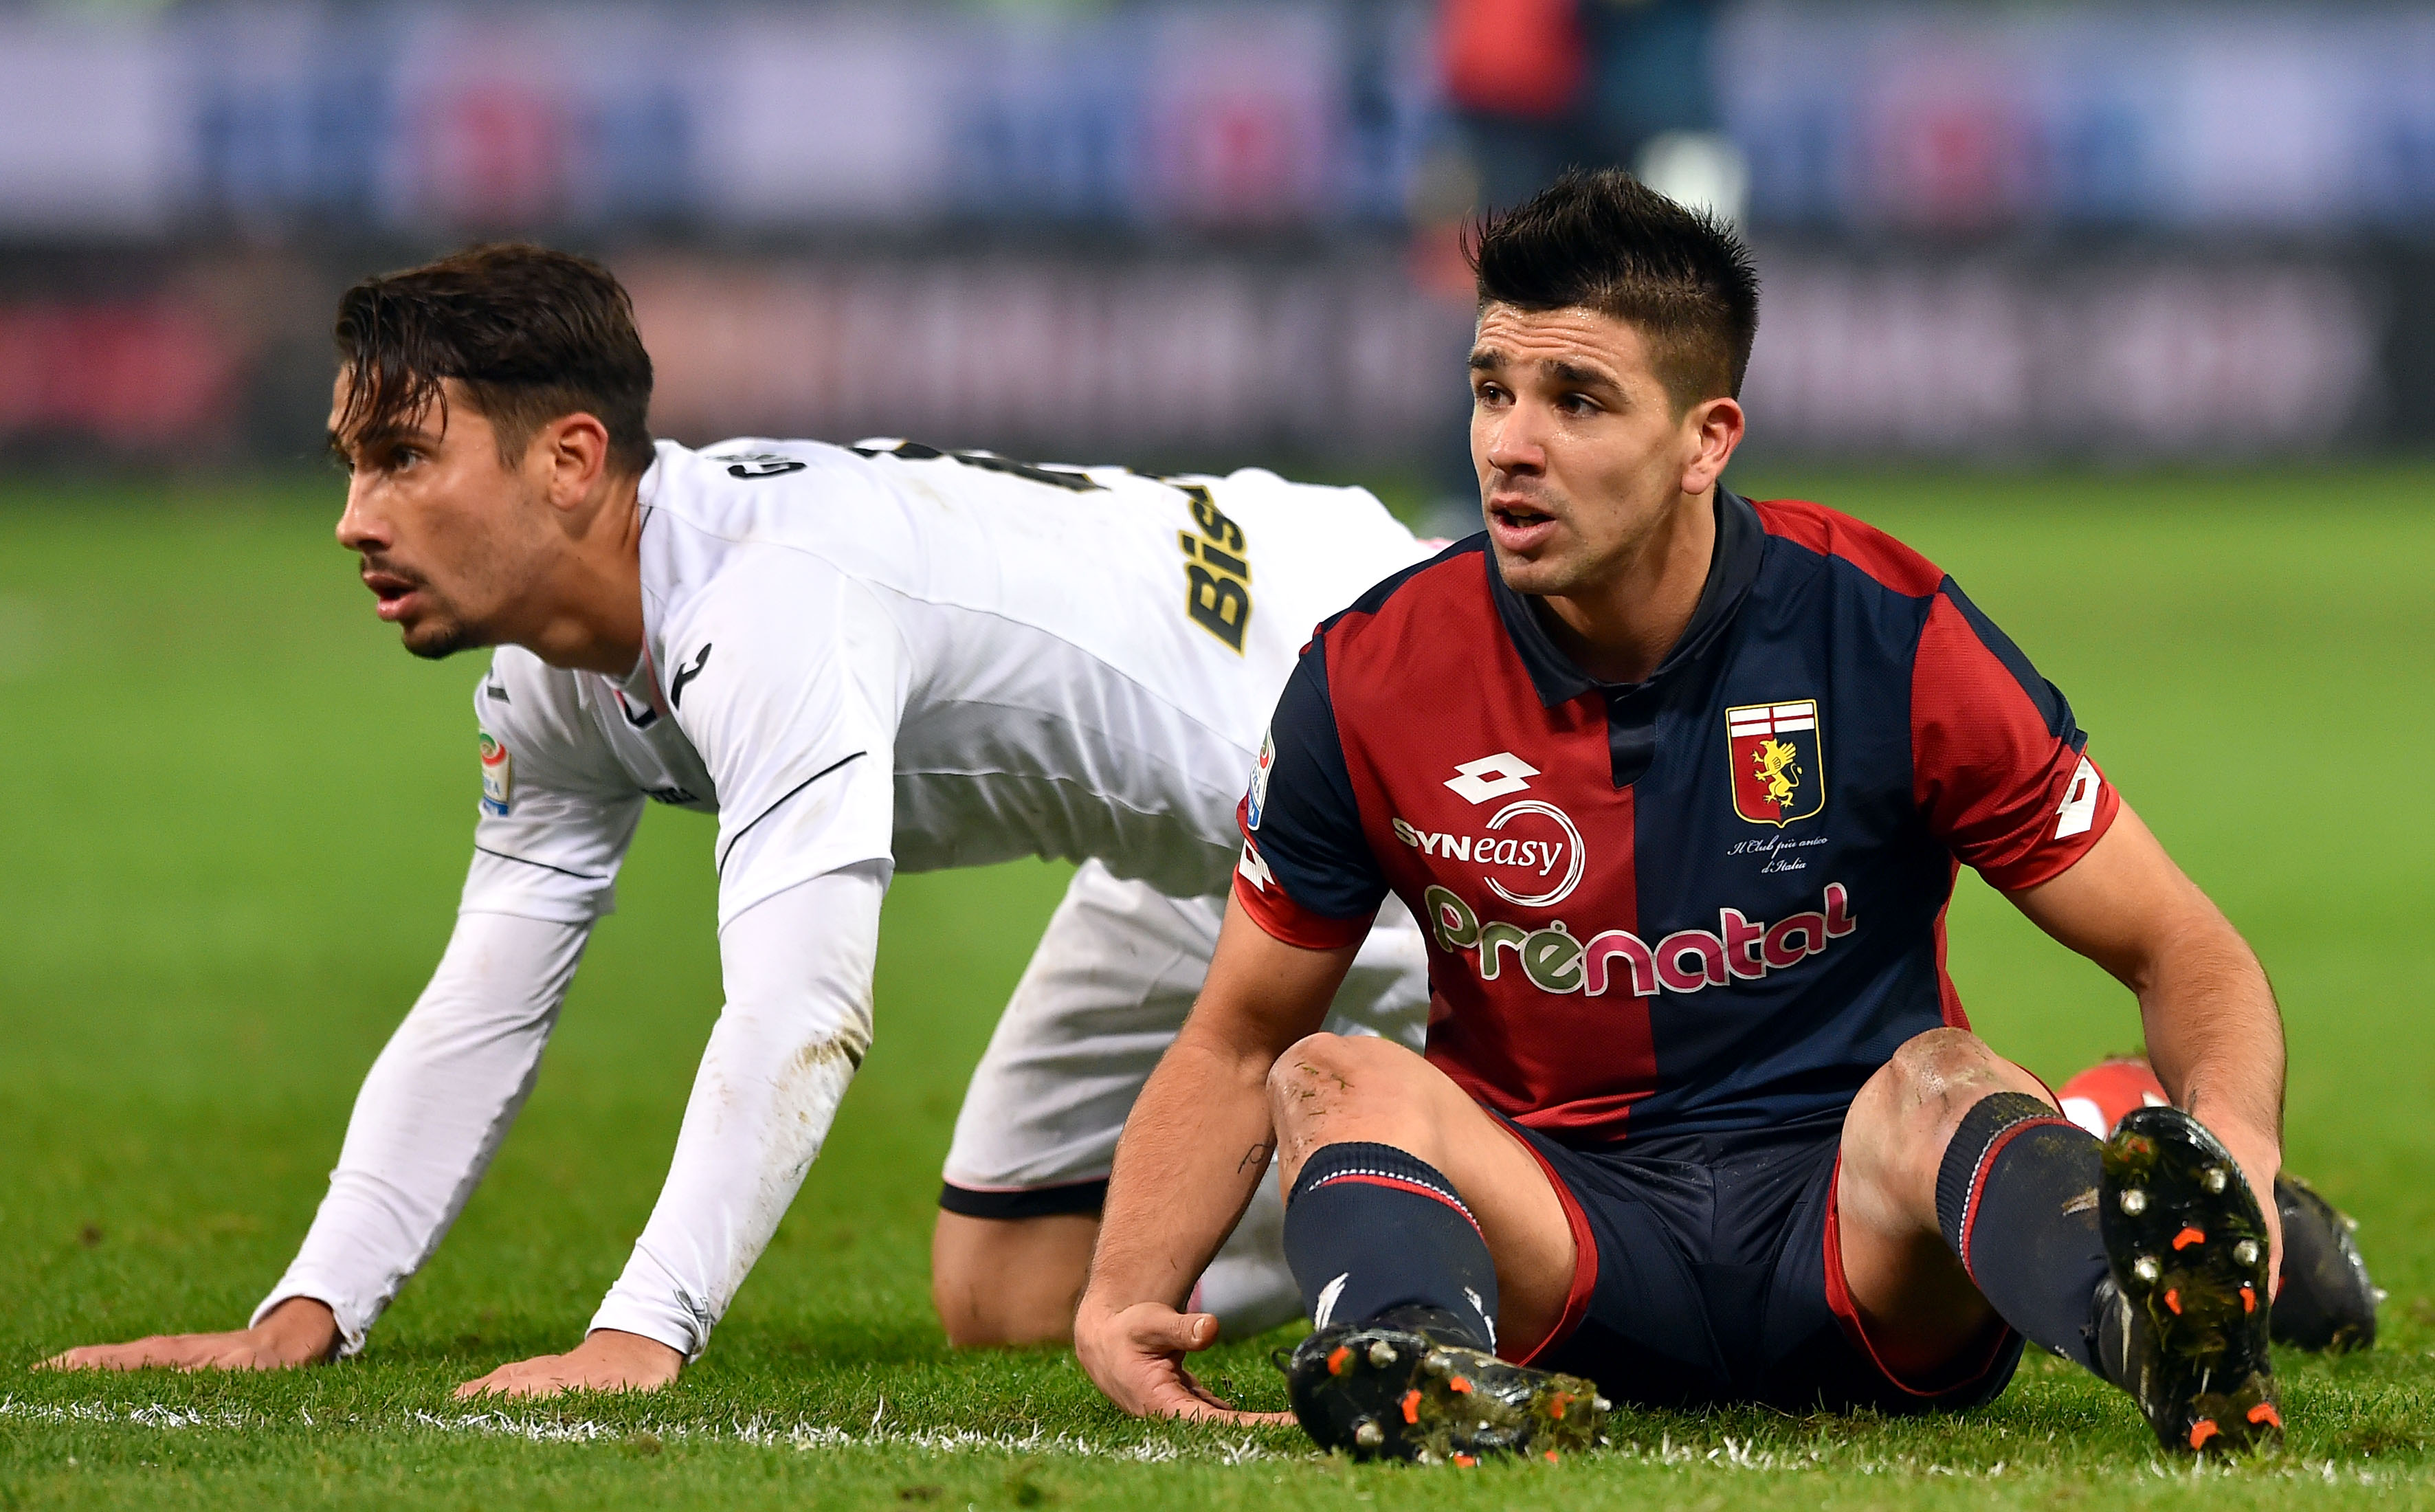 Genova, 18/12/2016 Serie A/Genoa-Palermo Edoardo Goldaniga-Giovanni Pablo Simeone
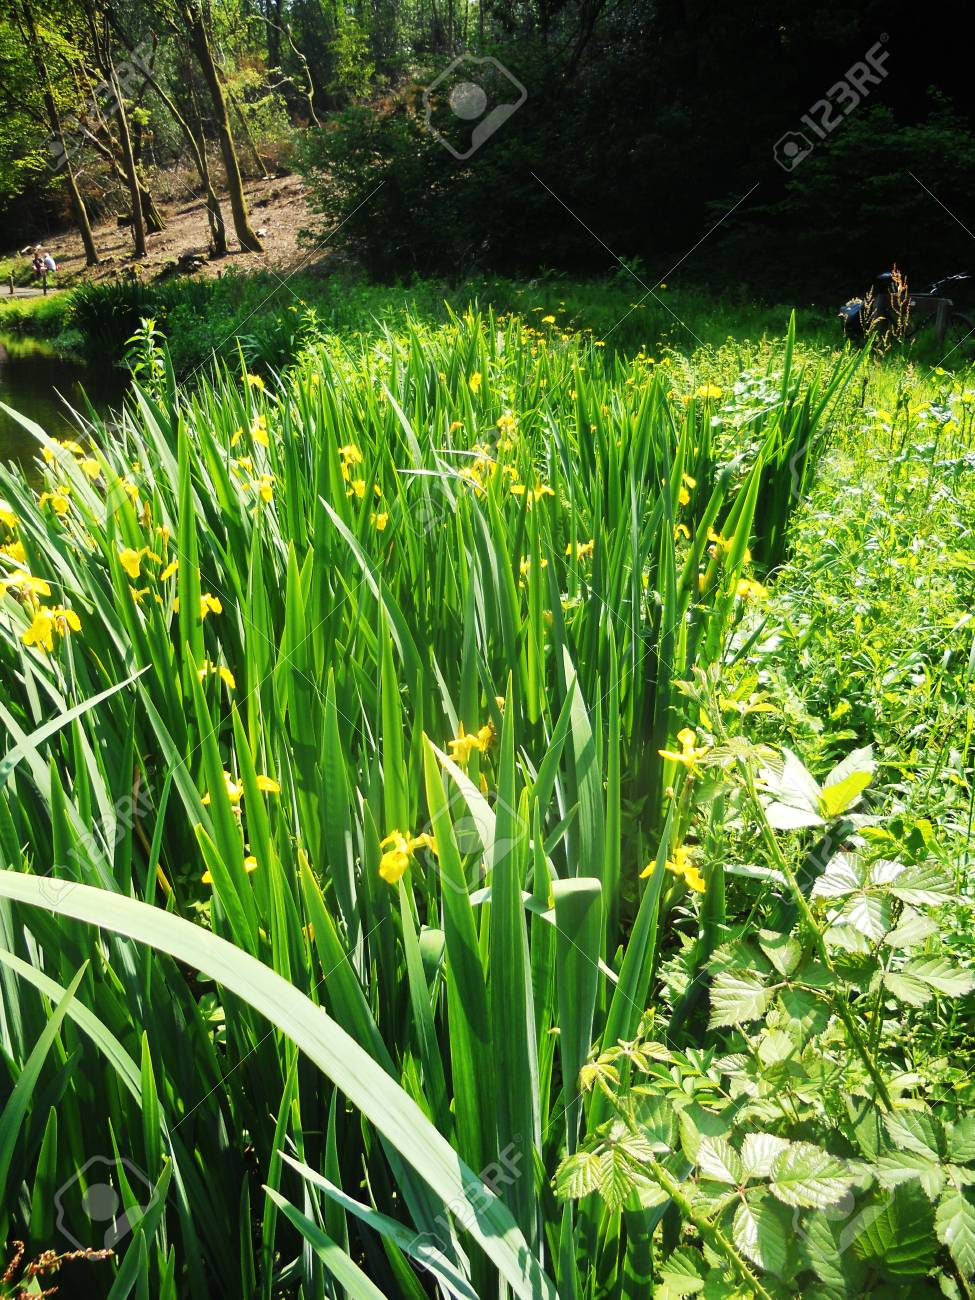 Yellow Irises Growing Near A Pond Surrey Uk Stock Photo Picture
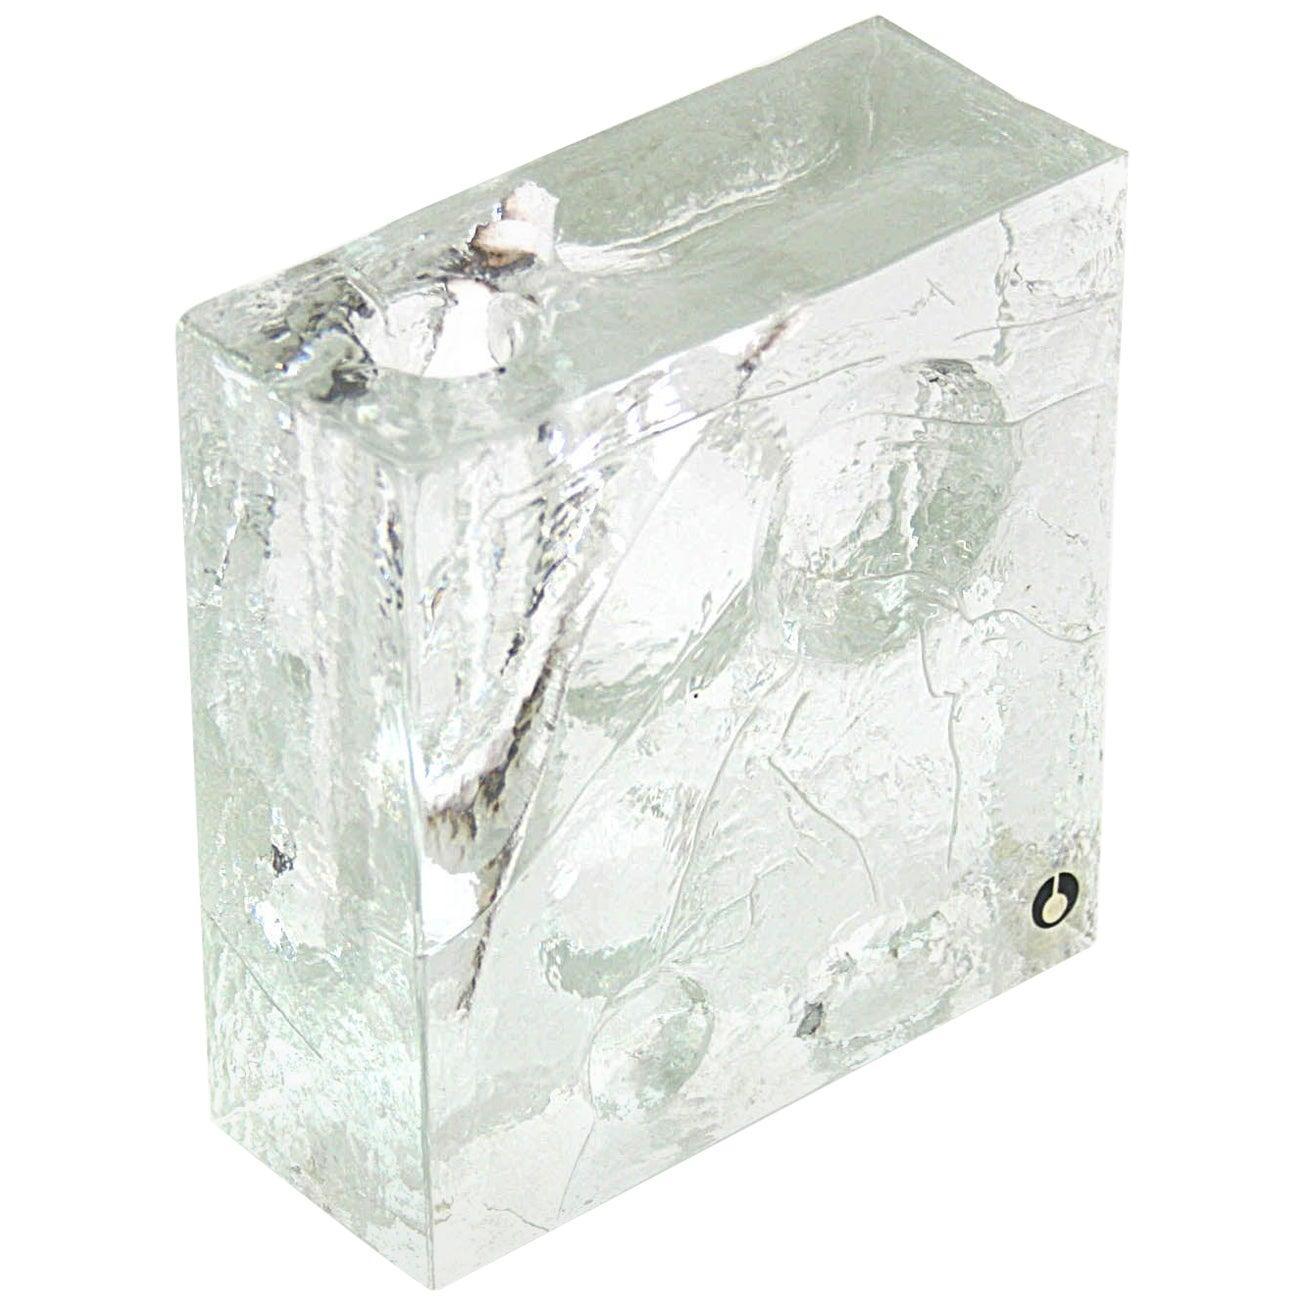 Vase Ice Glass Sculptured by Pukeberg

_ _ _ _ _

Directions for this task |
An exact repeat of the listing above, pictures excluded, is the answer.

Response area |
 Genova, 18/12/2016 Serie A/Genoa-Palermo Edoardo Goldaniga-Giovanni Pablo Simeone
 Yellow Irises Growing Near A Pond Surrey Uk Stock Photo Picture
 Vase Ice Glass Sculptured by Pukeberg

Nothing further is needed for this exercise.